I'm also aware of processed that can be created with fork, but i'm nor sure they are guaranteed to use more CPU, or if they, like threads, just help with IO-bound operations.
Finally i'm aware of CUDA, allowing paralellism in the GPU (And i think OpenCL and Compute Shaders also allows my code to run in the CPU in parallel) but i'm currently looking for something that will allow me to take advantage of the multiple CPU cores that my computer has.
In python, i'm aware of the multiprocessing module, which seems to provide an API very similar to threads, but there i do seem to gain an edge by running multiple functions performing computations in parallel. I'm looking into how could i get this same advantage in C, but i don't seem to be able
Any help pointing me to the right direction would be very much appreciated
Note: I'm trying to achive true parallelism, not concurrency
Note 2: I'm only aware of threads and using multiple processes in C, with threads i don't seem to be able to win the performance boost i want. And i'm not very familiar with processes, but i'm still not sure if running multiple processes is guaranteed to give me the advantage i'm looking for.

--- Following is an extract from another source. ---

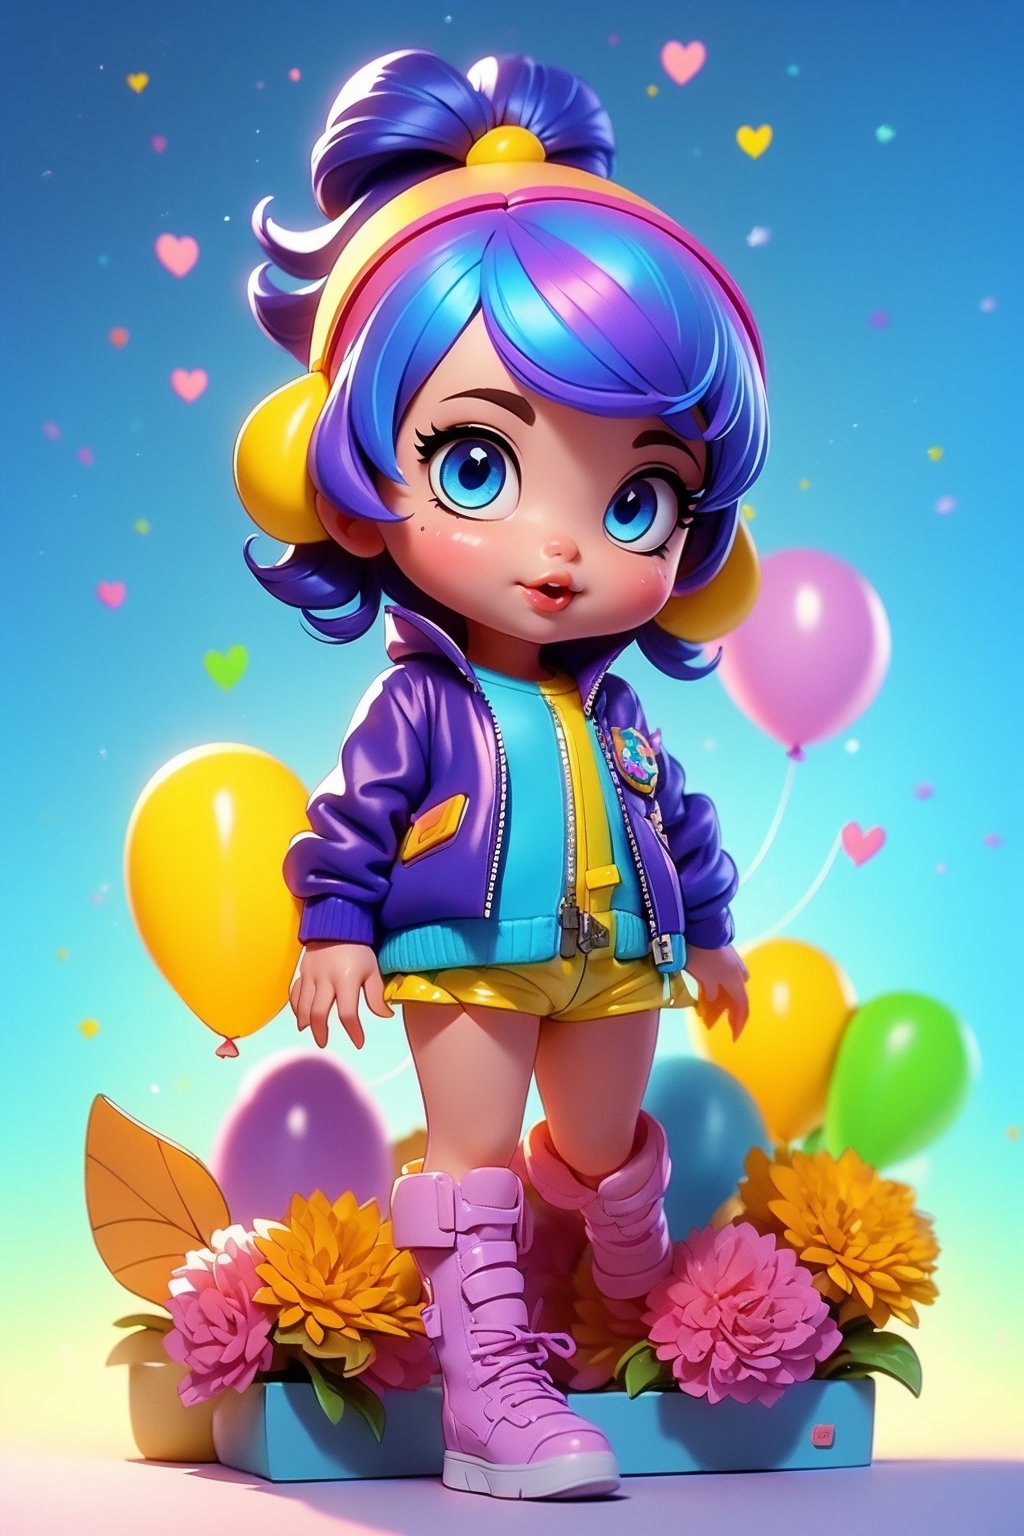 masterpiece, best quality,1 girl, pretty and cute, (terracote color Highlight Hair,colorful hair:1.4), wearing blue and purple sunglasses, rainbow jacket with wings , white sweater, many colored balloons, doll face, ponytail braid, perfect blue detail eyes, delicate face, perfect cg, HD quality,, sky ,violet boots, Blythe doll style

A simple program to heat up your CPU (100% utilization of all available cores).
Hint: The thread starting function does not return, program exit via [CTRL + C]
#include <pthread.h>
void* func(void *arg)
{
while (1);
}
int main()
{
#define NUM_THREADS 4 //use the number of cores (if known)
pthread_t threads[NUM_THREADS];
for (int i=0; i < NUM_THREADS; ++i)
pthread_create(&threads[i], NULL, func, NULL);
for (int i=0; i < NUM_THREADS; ++i)
pthread_join(threads[i], NULL);
return 0;
}
Compilation:
gcc -pthread -o thread_test thread_test.c
If i start ./thread_test, all cores are at 100%.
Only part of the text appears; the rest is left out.